Дальнейшая публицистика Шолохова была вся сугубо официозная, начиная с выступления на XVIII съезде партии в 1939 году, когда он кричал: «Мы, товарищ Сталин, сложим голову всем этим предателям, которые в нашей среде». После этого (после того, как ему самому чуть голову не сняли) начался его закат. Сломали человека.

Несмотря на то, что Юрий Лукин против крайности статьи Ермилова выступил, развернулась не очень приятная дискуссия в «ЛГ». Лукин в статье «Большое явление в литературе» говорил о лучших классических советских традициях, говорил, что это рождение советской классики, что развязка правомерна, народная трагедия выражается в том, что Григорий погиб, т.к. оторвался от народа. Т.е. у него уже была заложена основа той концепции, которую потом развил Ермилов – концепция отщепенчества: автор не виноват, а виноват персонаж.

Особенно всех волновал именно конец, начиная со статьи Давида Заславского «Конец Григория Мелехова». Конец романа и конец героя рассматривались в одном плане. Марк Чарный в статье «О конце Григория Мелехова и конце романа» заявил о нетипичности героя или оговорил он, типичность эта узкого круга людей. Гуманизм Шолохова приобрел несколько абстрактный характер.

Иосиф Гринберг обвинил Чарного в схематизме в статье «Арифметика и литература». Отметил закономерность колебаний Мелехова. Но, как и Чарный, не видел логики в развязке Ермилов. Он опять напечатал статью «О Тихом Доне и о трагедии» 11 августа 1940 года. Ермилов назвал ТД исключительно своеобразным произведением, первая советская трагедия оказалась эпопеей. О Григории Ермилов писал: «Мотивы поступков Г. Мелехова в 8 части становятся чрезвычайно мелкими для трагического лица. В 8 части Г.М. получает новое качество социальное и художественное, вступает на путь отщепенчества, приходит к полной опустошенности». Сам Шолохов никогда не был согласен с концепцией отщепенчества, но как критический реализм оправдывал классиков XIX века перед лицом официоза, так и концепция отщепенчества оправдывала автора за счет героя.
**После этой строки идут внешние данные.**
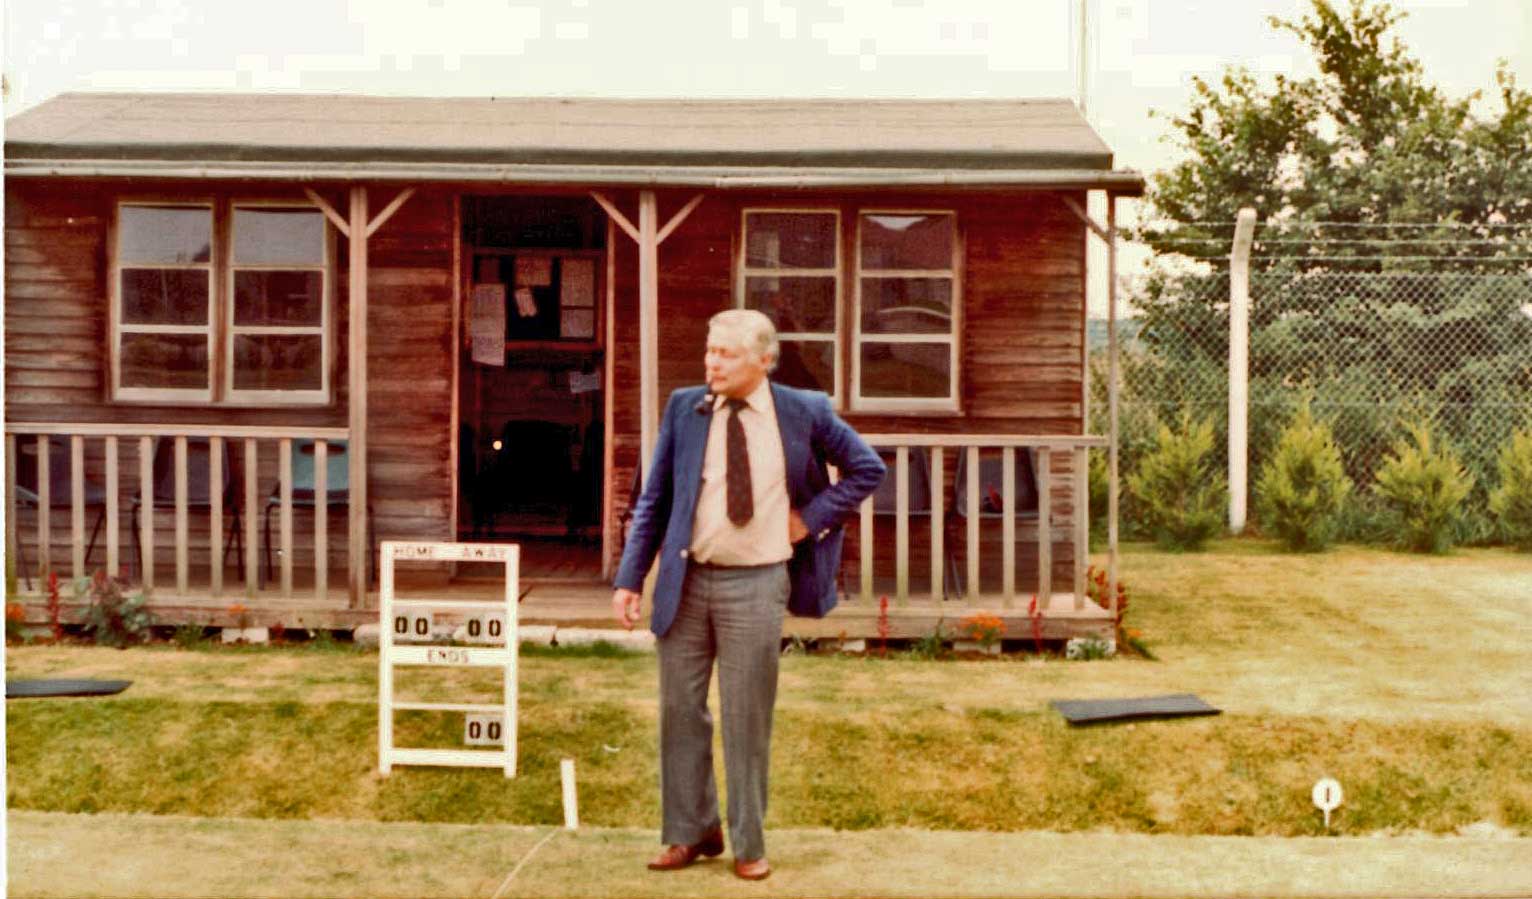 Original Cedarwood Pavilion with first Club Captain, Don Milnes in foreground

Аналогично Ермилову высказался Вениамин Бефеншейдер 8 сентября. «Мелехов из искателя личной правды превращается в искателя личного покоя, а типическая история героя становится его частной историей». Марк Чарный продолжал наставить на своем. Герой не типичный, гуманизм Шолохова абстрактный. Павел Громов заявил, здесь нет нарушения логики образа Григория, двойственна природа крестьянства. Но ошибка автора в том, что Михаил Кошевой виноват в гибели Григория, т.е. нетипичен по сути Кошевой. Громов называет этот образ художественно неправильным, схематичным. Виноват герой. Неправильный образ Кошевого может создать впечатление, что судьба Григория – типичная судьба крестьянина. Статья «Григория Мелехов и Михаил Кошевой». Конечно, крестьянству досталось так, что судьба Г.М была типичной судьбой крестьянства. Но признать это официальная критика не могла. После этого вывода Павла Громова, что виноват Кошевой, «ЛГ» неожиданно оборвала дискуссию, не дав никакого обобщения.

Правда в последнем спаренном 11-12 номере «ЛК» появилась статья Бориса Емельянова «О ТД и его критиках». В связи с вопросом о трагическом, в духе высказывания Маркса и Энгельса. В частности работы Маркса «Критика гегелевской философии права. Введение» 1843-44 год. «Покуда оспенный режим, старый режим, как существующий миропорядок, боролся с миром, ещё только нарождающимся. На стороне этого оспенный режим стоял не личное, а всемирно историческое заблуждение», - писал Маркс. Поэтому его гибель и была трагической. Маркс допускал, что и консервативные какие-то силы могут оказаться представителями трагизма, когда на их стороне всемирно историческое заблуждение.

Емельянов против ермиловского раскалывания образа Григория на двое. Один бунтующий против зверской патриархальности батюшки, другой – опустошенный, изверившийся во всем в 8 части. Объективно, заявлял Емельянов, трагедии среднего казачества нет. Судьба его разрешима в условиях революции. Но Григорий в весь огромный, волнующий мир переносит свою душу, создает трагедию в своем сознании.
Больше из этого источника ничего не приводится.